Наступает день, и тот, кто пытается заниматься поэзией, понимает, что прежние стихи остались в прошлом, а будущие еще не видны. И вязнет в нейтральной полосе молчания, которое может продлиться очень долго. И закончиться чем-то совершенно неожиданным: или походом за горизонт, или полным отрицанием сочинительства.
Вспоминается герой Германа Гессе. Магистр Игры, достигнув профессионального совершенства, ощутил, что прошел не путь, но всего лишь переулок, заведший его не туда. И, бросив престижную работу большого интеллектуального накала, сменил широкий мраморный тротуар на узкую тропинку, ведущую в неведомое, но притягательное. И погиб, пытаясь оставаться самим собой. Или не погиб, но освободился от тяжкой инерции привычного, которое называет смертью люк, ведущий наверх? Или вниз? Или в какое-то другое измерение?
Стихи нельзя ставить на поток. Нельзя набить руку и печь их блинами. Потому что стихи - изделия штучные, особенные. Если их много, то это уже не драгоценности, но стразы. Штамповка, бисер, некая масса, имеющая обобщенную ценность, но не заботящаяся об индивидуальностях составных частей.
Живое - меняется. Оно в движении, в поиске, в разочаровании, в радости. В пробах и ошибках. В постоянной борьбе. В синяках и ссадинах. Если всего этого нет, то остается чучело, застывшее в своей неизменности.
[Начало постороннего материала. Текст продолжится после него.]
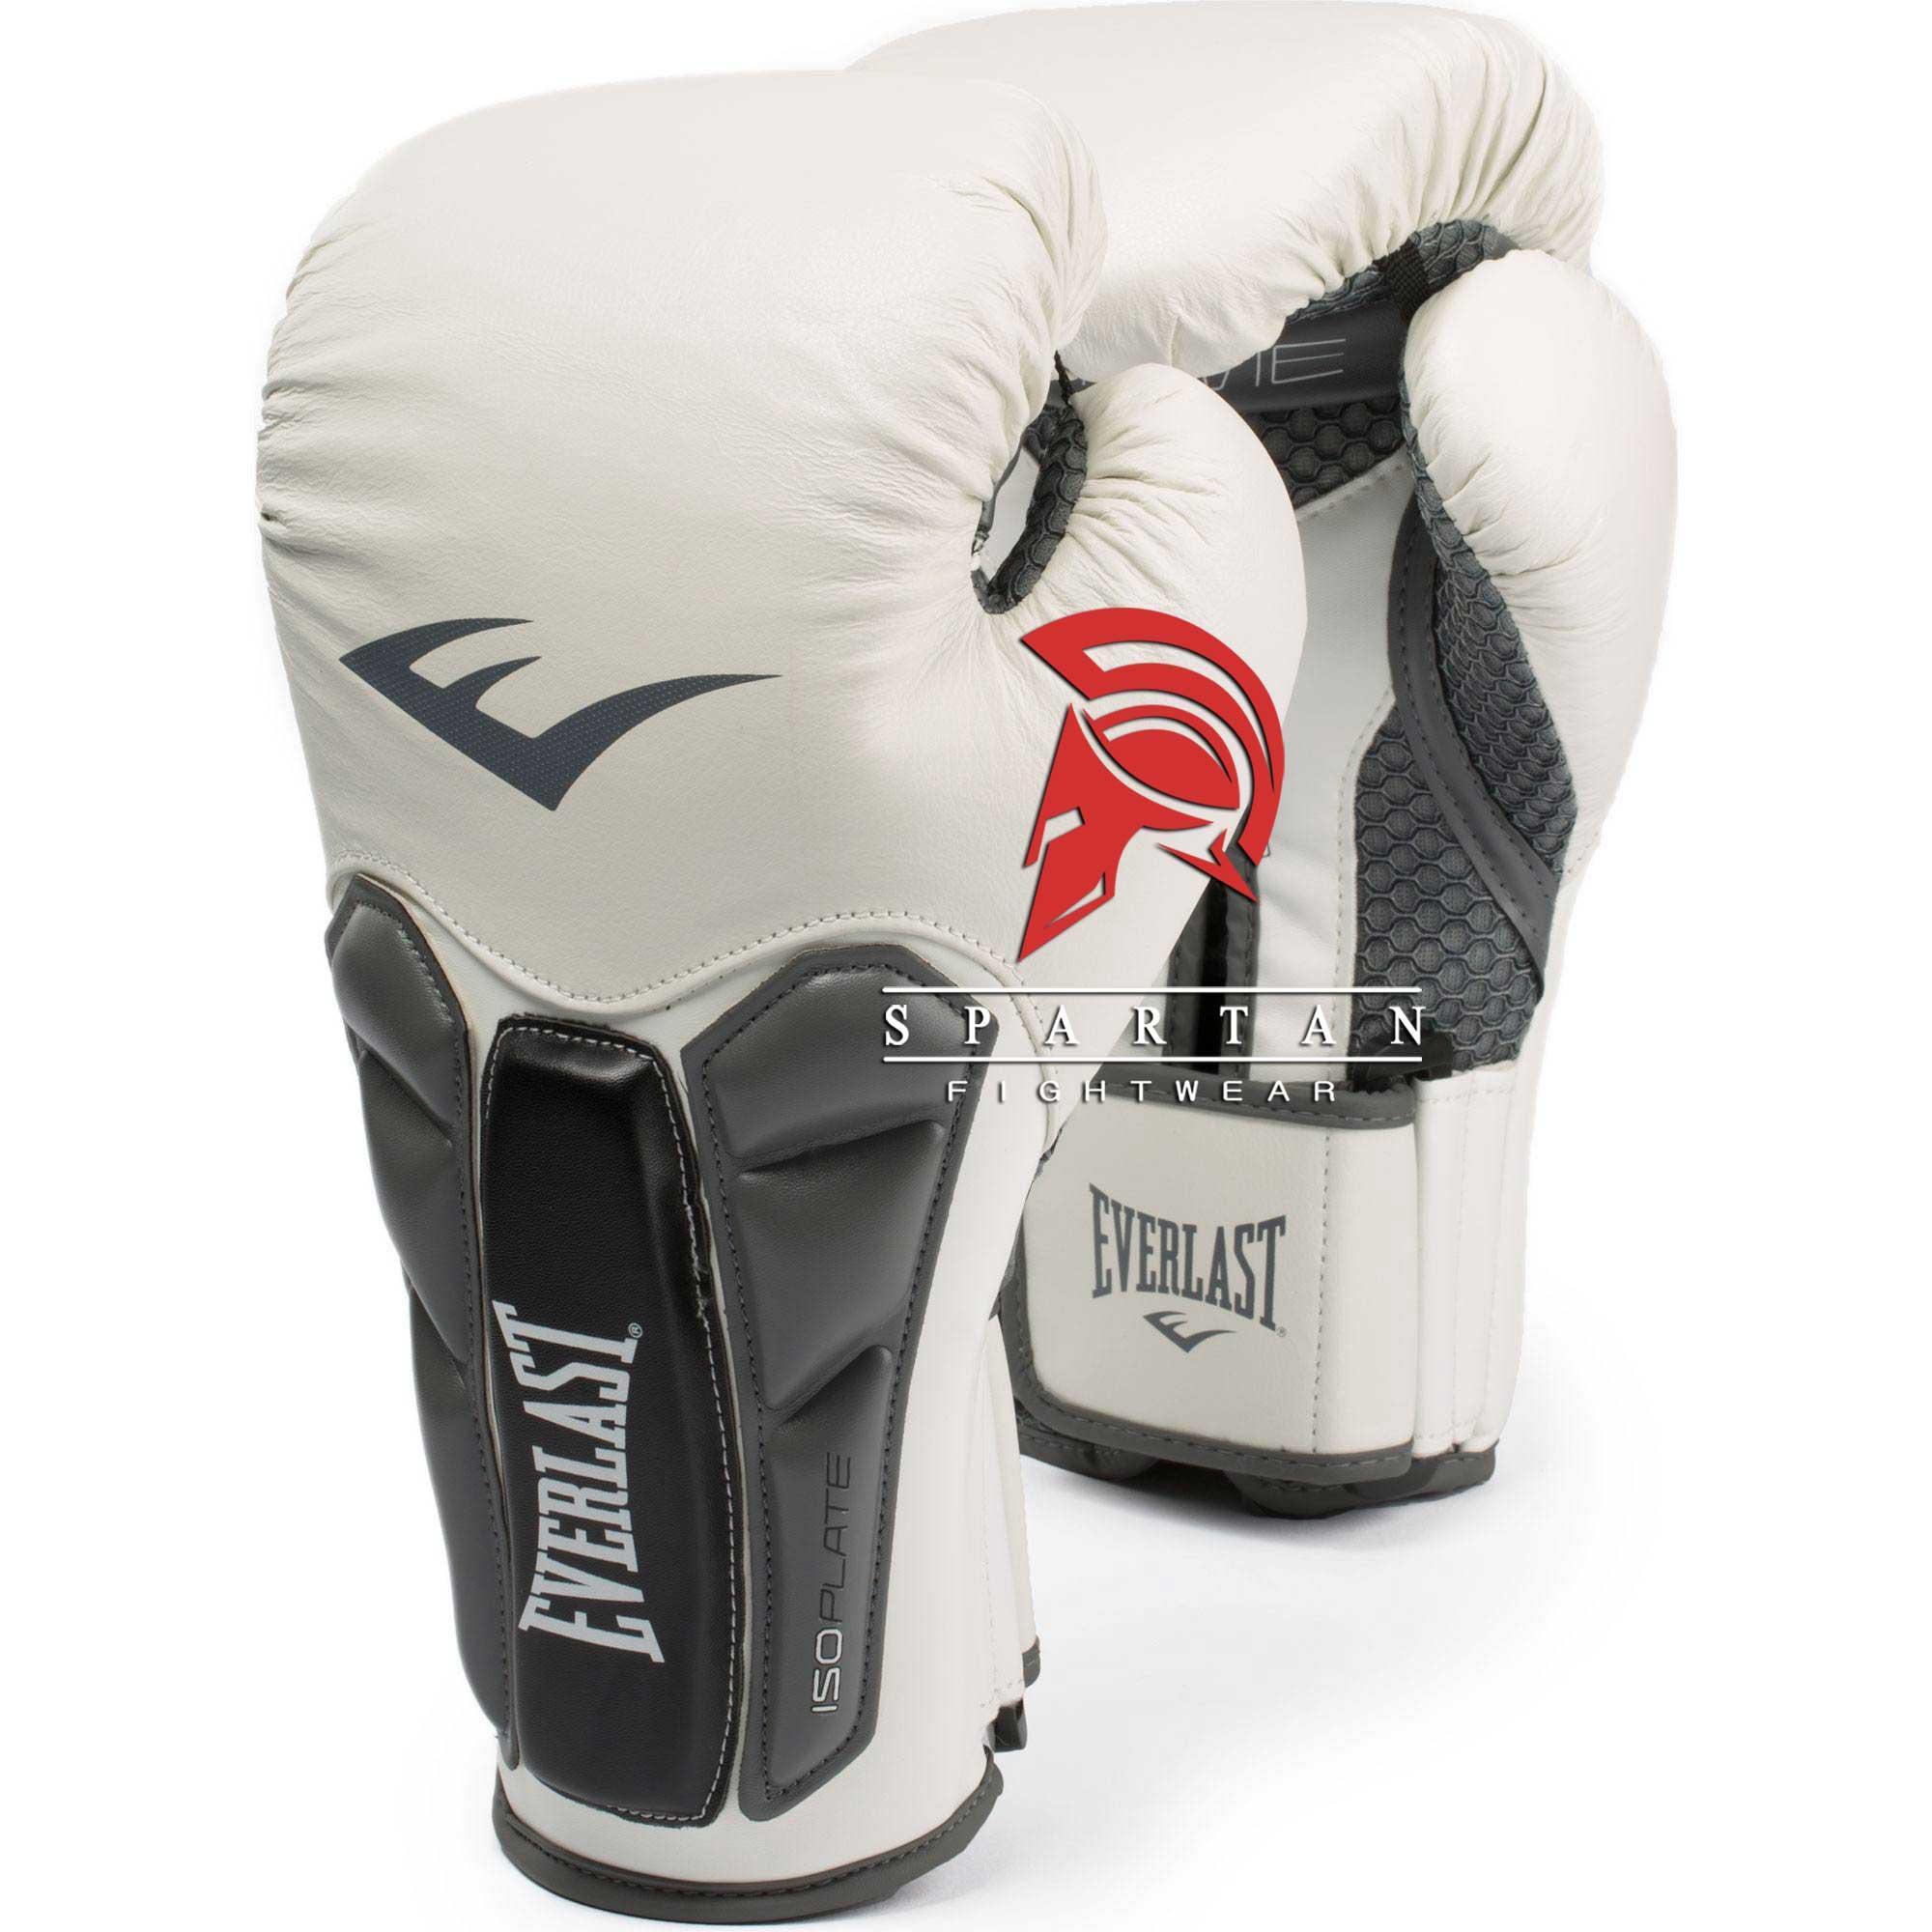 Sarung Tinju Everlast, Sarung Tinju Muay Thai, Boxing Glove Everlast G029

Манекен. Холодный и, если снять с него гламурный прикид, совершенно бесполезный.
Не надо бояться молчания. Оно красноречиво убеждает пишущего, что пора идти дальше, а не топтаться на вершине холмика, этого преддверия горной гряды.
Добираться до которой долго и трудно...
Впрочем, надо просто пораньше встать. И веселый ветер послушать. Чтоб ноги веселей пошли.